|Matthew Henry's Concise Commentary|
9:1-14 God gave particular orders for the keeping of this passover, and, for aught that appears, after this, they kept no passover till they came to Canaan, Jos 5:10. It early showed that the ceremonial institutions were not to continue always, as so soon after they were appointed, some were suffered to sleep for many years. But the ordinance of the Lord's Supper was not thus set aside in the first days of the Christian church, although those were days of greater difficulty and distress than Israel knew in the wilderness; nay, in the times of persecution, the Lord's Supper was celebrated more frequently than afterward. Israelites in the wilderness could not forget the deliverance out of Egypt. There was danger of this when they came to Canaan. Instructions were given concerning those who were ceremonially unclean, when they were to eat the passover. Those whose minds and consciences are defiled by sin, are unfit for communion with God, and cannot partake with comfort of the gospel passover, till they are cleansed by true repentance and faith. Observe with what trouble and concern these men complained that they were kept back from offering to the Lord. It should be a trouble to us, when by any occasion we are kept back from the solemnities of a sabbath or a sacrament. Observe the deliberation of Moses in resolving this case. Ministers must ask counsel of God's mouth, not determine according to their own fancy or affection, but according to the word of God to the best of their knowledge. And if, in difficult cases, time is taken to spread the matter before God by humble, believing prayer, the Holy Spirit assuredly will direct in the good and right way. God gave directions in this case, and in other similar cases, explanatory of the law of the passover. As those who, against their minds, are forced to absent themselves from God's ordinances, may expect the favours of God's grace under their affliction, so those who, of choice, absent themselves, may expect God's wrath for their sin. Be not deceived: God is not mocked.
Verse 2. - Let the children of Israel also keep the passover at his appointed season. Septuagint, ποιείτωσαν τὸ πάσχα. Cf. Matthew 26:18, ποιῶ τὸ πάσχα, and Luke 22:19, τοῦτο ποιεῖτε εἰς τὴν ἐμὴν ἀνάμνησιν. They may have been in doubt as to whether they were to keep it in the wilderness, and indeed they do not seem to have attempted to keep it again until they reached the promised land (see on Joshua 5:5, 6). The passover had indeed been made an "ordinance for ever," but only when they were come to the land which the Lord should give them (Exodus 12:24, 25; Exodus 13:5). Apart, therefore, from express command, it would have been doubtful whether the feast should not at least he postponed.
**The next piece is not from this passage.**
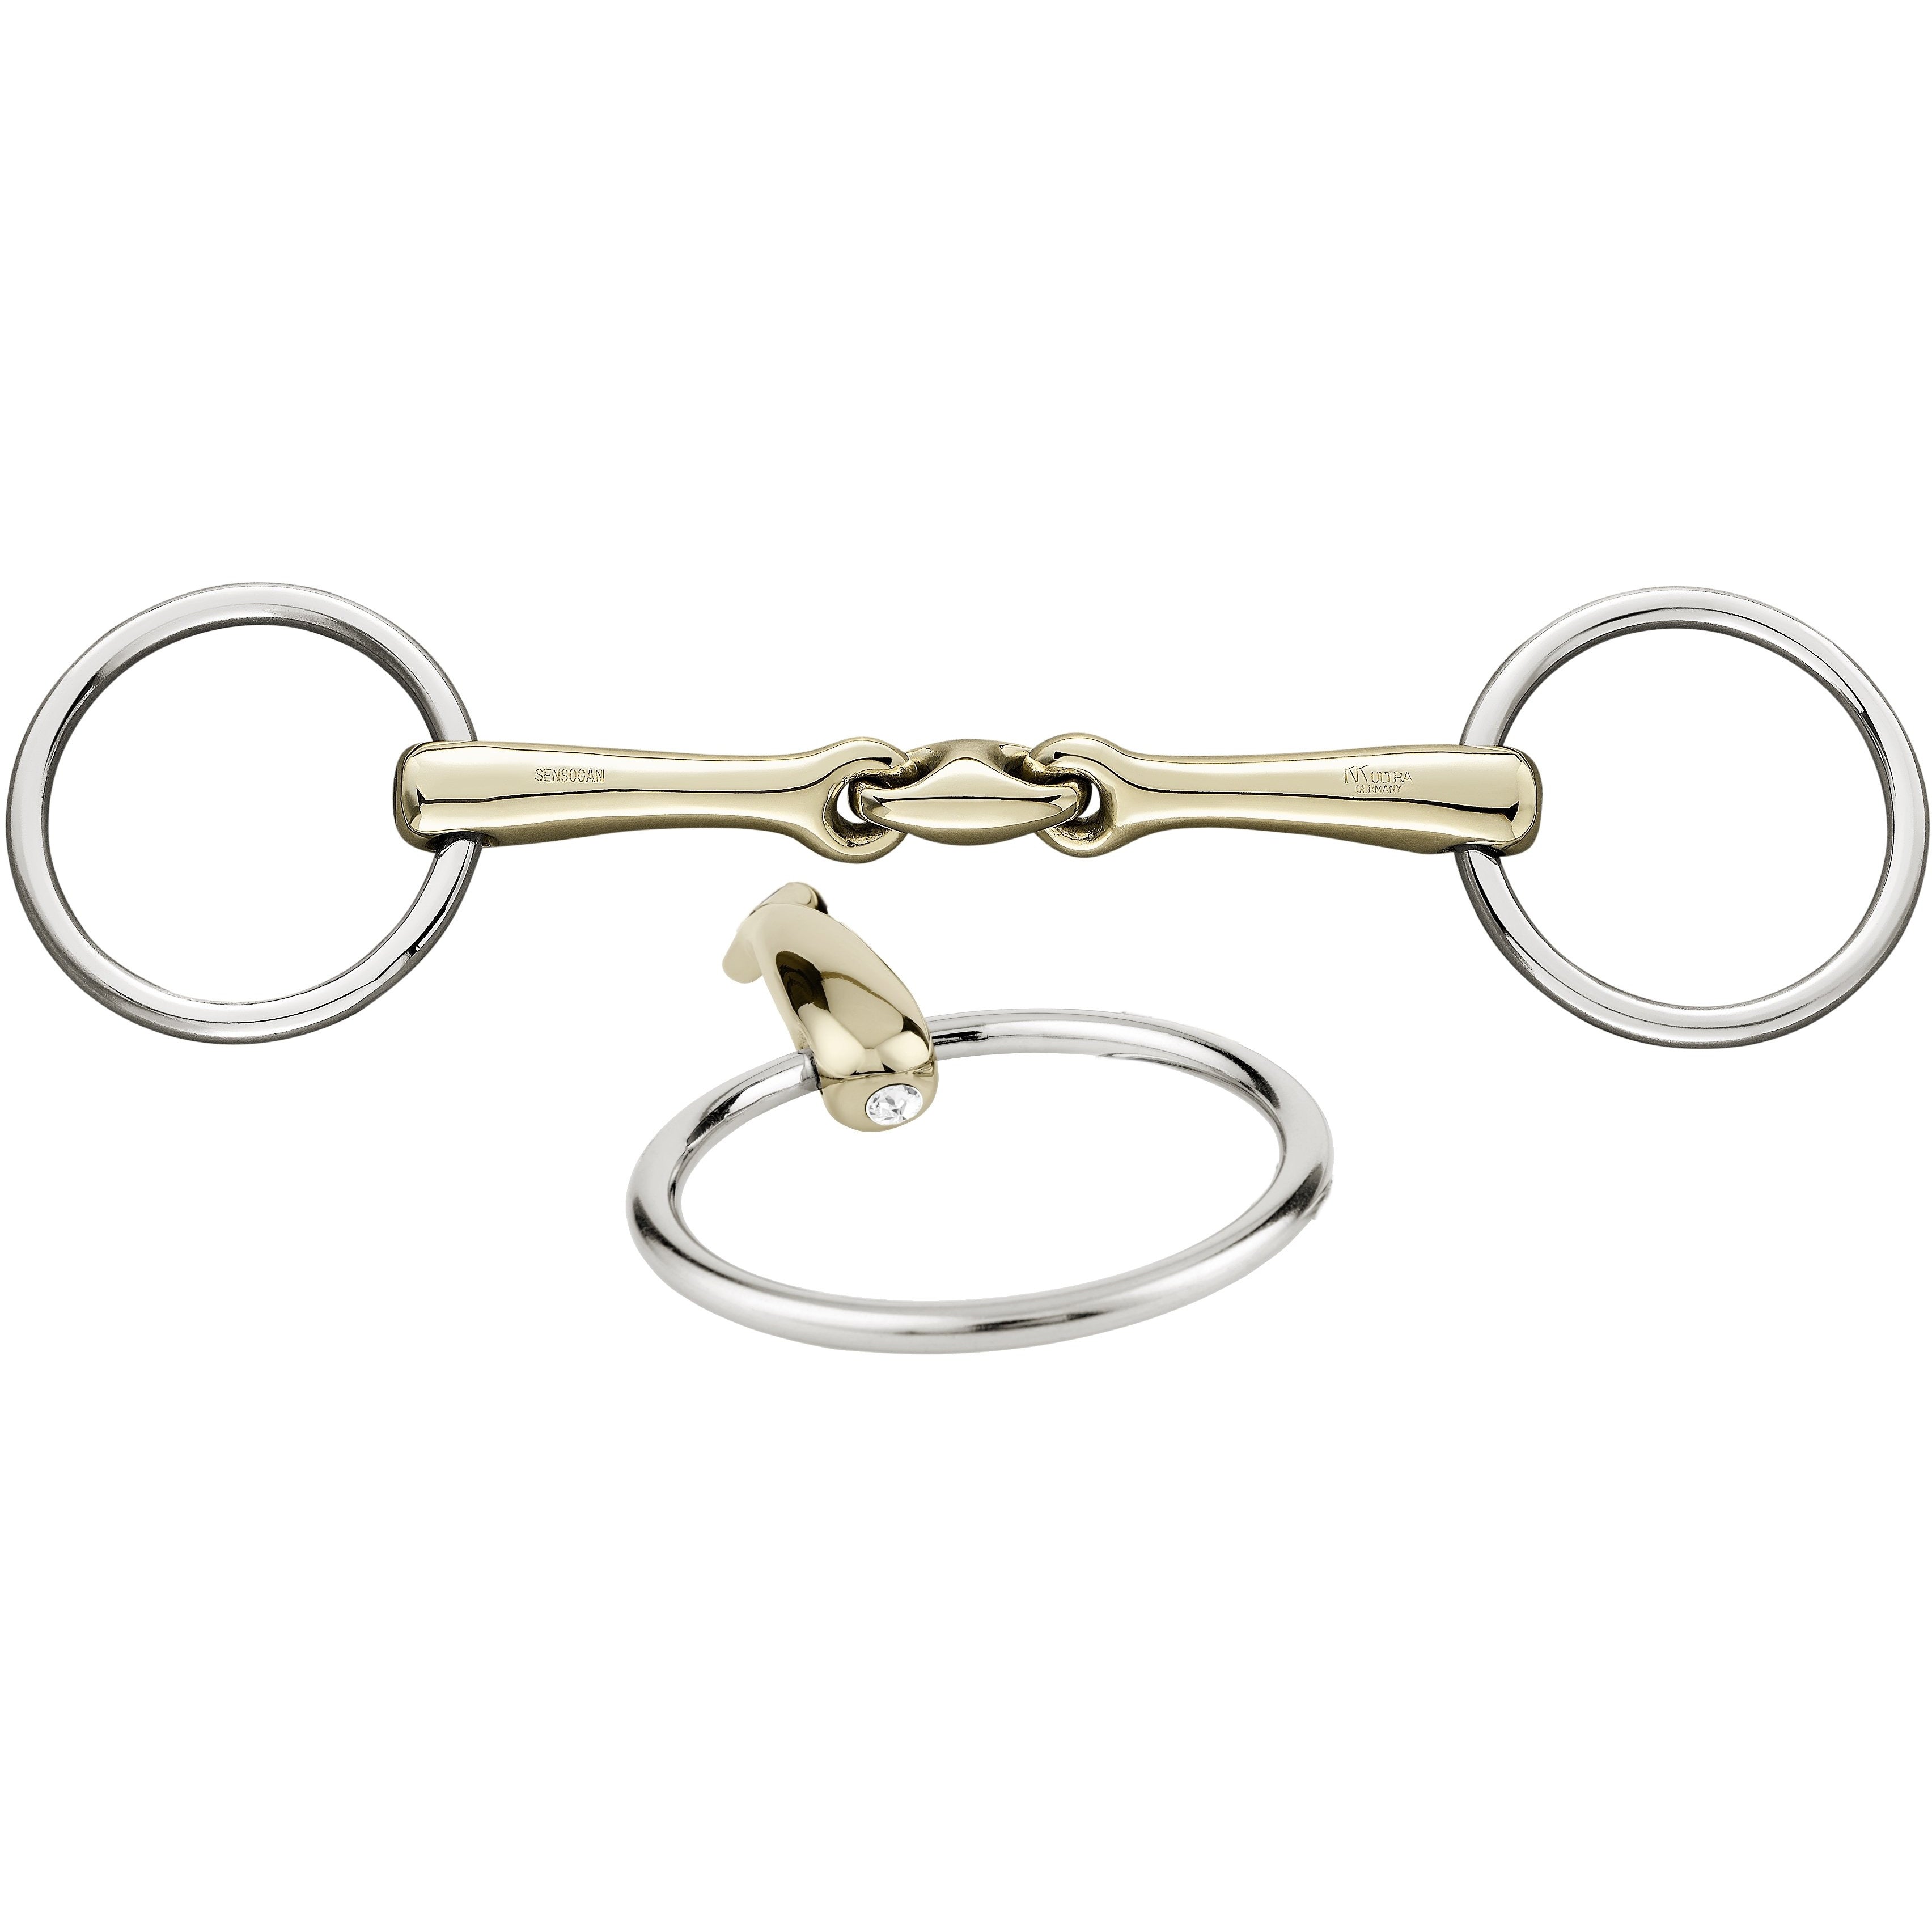 Sprenger 40426 Dynamic RS Loose ring Snaffle 16mm - Shine Bright Edition - TO ORDER

Inasmuch, however, as they had been detained at Sinai by Divine direction (albeit partly in consequence of their own idolatry, but for which they might already have been "at home"), it pleased God that they should not lack the blessing and support of the passover at its proper season.
Gill's Exposition of the Entire Bible
Let the children of Israel also keep the passover,.... Though this ordinance was enjoined the people of Israel, and observed by them at the time of their coming out of Egypt, and had been since repeated, Leviticus 23:5; yet without a fresh precept, or an explanation of the former, they seemed not to be obliged, or might not be sensible that they were obliged to keep it, until they came into the land of Canaan, Exodus 12:25; and therefore a new order is given them to observe it:
at his appointed season; and what that season is is next declared.
Jamieson-Fausset-Brown Bible Commentary
2-5. Let the children of Israel also keep the passover at his appointed season, &c.—The date of this command to keep the passover in the wilderness was given shortly after the erection and consecration of the tabernacle and preceded the numbering of the people by a month. (Compare Nu 9:1 with Nu 1:1, 2). But it is narrated after that transaction in order to introduce the notice of a particular case, for which a law was provided to meet the occasion. This was the first observance of the passover since the exodus; and without a positive injunction, the Israelites were under no obligation to keep it till their settlement in the land of Canaan (Ex 12:25). The anniversary was kept on the exact day of the year on which they, twelve months before, had departed from Egypt; and it was marked by all the peculiar rites—the he lamb and the unleavened bread. The materials would be easily procured—the lambs from their numerous flocks and the meal for the unleavened bread, by the aid of Jethro, from the land of Midian, which was adjoining their camp (Ex 3:1). But their girded loins, their sandaled feet, and their staff in their hand, being mere circumstances attending a hurried departure and not essential to the rite, were not repeated. It is supposed to have been the only observance of the feast during their forty years' wandering; and Jewish writers say that, as none could eat the passover except they were circumcised (Ex 12:43, 44, 48), and circumcision was not practised in the wilderness [Jos 5:4-7], there could be no renewal of the paschal solemnity.